Voltando ao caso Covaxin, um contrato não é simplesmente assinado e ponto final. É preciso passar pela rotina burocrática. É algo que muitas vezes favorece a corrupção e “encarece” o custo final do produto quando vendido ao setor público. Parece que, nesse caso, o que houve foi o inverso. O contrato de compra da vacina chegou até Luis Ricardo, responsável pela liberação de importações de insumos no Ministério da Saúde. Ele verificou, entre outras irregularidades, uma clara fraude na nota fiscal (“invoice”, no jargão da área), onde aparecia o nome de outra empresa – não integrante do contrato –, a Madison Biotech, para a qual se previa, inclusive, pagamento adiantado de mais de R$ 220 milhões.
A desconfiança de coisa errada se torna indício de corrupção, então, quando se descobre que a Madison Biotech tem sede em Cingapura e, conforme apuração in loco do jornal O Globo, tem um escritório de contabilidade em seu endereço. Um típico caso de empresa de fachada offshore. Cingapura é uma cidade-Estado, considerada um paraíso fiscal.
Luis Ricardo conversou sobre o imbróglio com o irmão deputado e da base do governo. Em março, ambos tiveram uma reunião presencial com Jair Bolsonaro e o informaram da fraude. O mesmo parlamentar – a muito custo, diga-se – foi quem confirmou que o presidente lhe disse, na ocasião, que o rolo seria “coisa do Ricardo Barros” e que, se mexesse nisso, iria “dar merda”.
No encontro, Bolsonaro garantiu que acionaria a Polícia Federal, mas não há nenhuma indicação de que isso ocorreu. Pelo contrário, parece permanecer omisso e o contrato continua vigente, não tendo adotado nenhuma providência.

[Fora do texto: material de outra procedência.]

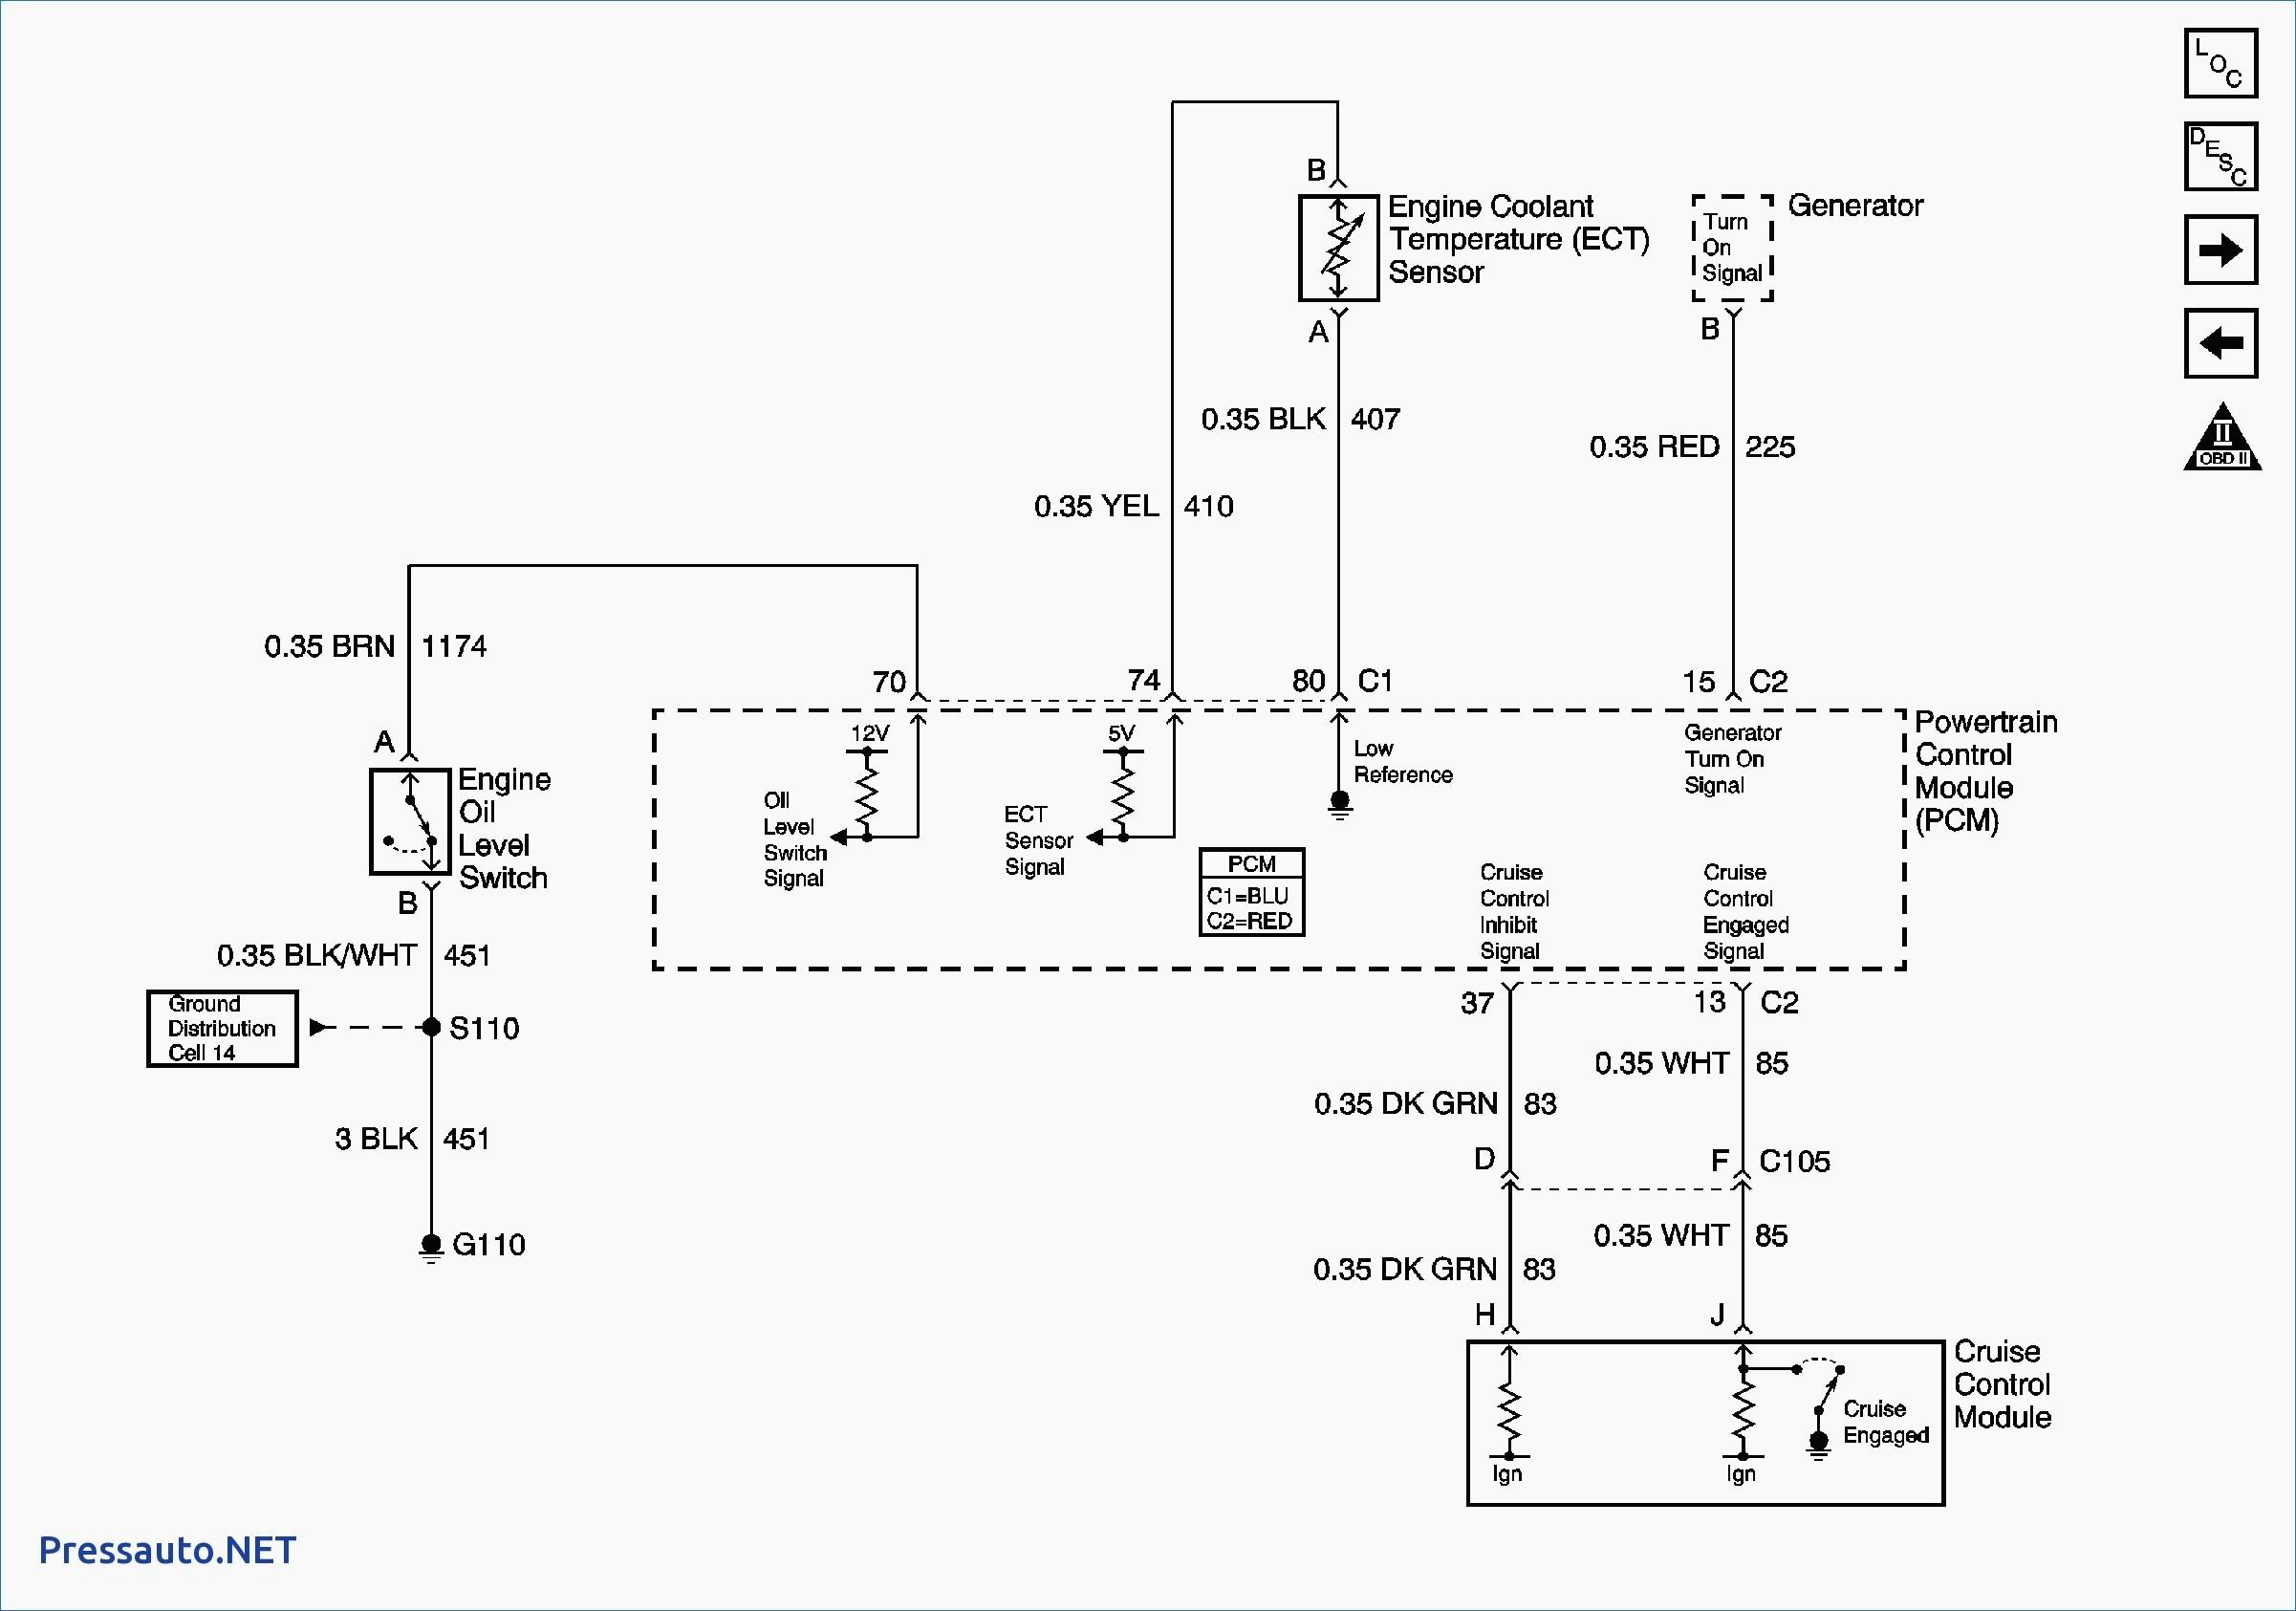 square d air compressor pressure switch wiring diagram Collection-Wiring Diagram For Air pressor Pressure Switch Inspirationa Square D Air Pressor Pressure Switch Wiring Diagram 11-l

No fim do mesmo mês, Luis Ricardo foi ouvido pelo Ministério Público Federal (MPF) e relatou ter sofrido pressão atípica de superiores para acelerar a importação da Covaxin.
Um plot twist na CPI
Avanço de mais de três meses na linha do tempo. A CPI do Senado está em meio a debates sobre as “terraplanices” do governo no combate à pandemia, com cientistas renomados internacionalmente tendo de “debater” com políticos que se baseiam em fake news enviadas pelo WhatsApp.
Chega à CPI a informação sobre o depoimento ao MPF e os senadores decidem convocar os Miranda. Concursado na União desde 2011, Luis Ricardo surge como o servidor público exemplar, que não se verga a “jeitinhos” na administração. Seu irmão deputado, ao contrário, é uma figura com um passado bem contestável e uma folha corrida extensa com a Justiça, seja a comum ou a eleitoral. Bolsonarista “raiz” até o mês passado – basta conferir suas postagens nas redes sociais –, abriu o jogo sobre a conversa com o presidente de meses atrás e revelou o nome de Ricardo Barros à comissão. Mais: em entrevista no dia seguinte, deu a entender que tem provas, caso Bolsonaro o tente desmentir.
A fala dos Miranda na sexta-feira, 25, como sentenciou a senadora Simone Tebet (MDB-MS), foi um divisor de águas na CPI da Pandemia. A partir de agora, sai da pauta a apuração do negacionismo, que poderia gerar certa dificuldade de compreensão sobre um eventual dolo das autoridades envolvidas, inclusive o presidente; entra em questão a busca para saber qual era a disposição pela aprovação da compra em tempo recorde – inclusive com a atuação direta do Planalto – de um produto mais caro do que a média e o qual o governo menosprezou por tanto tempo: a vacina no braço de brasileiras e brasileiros.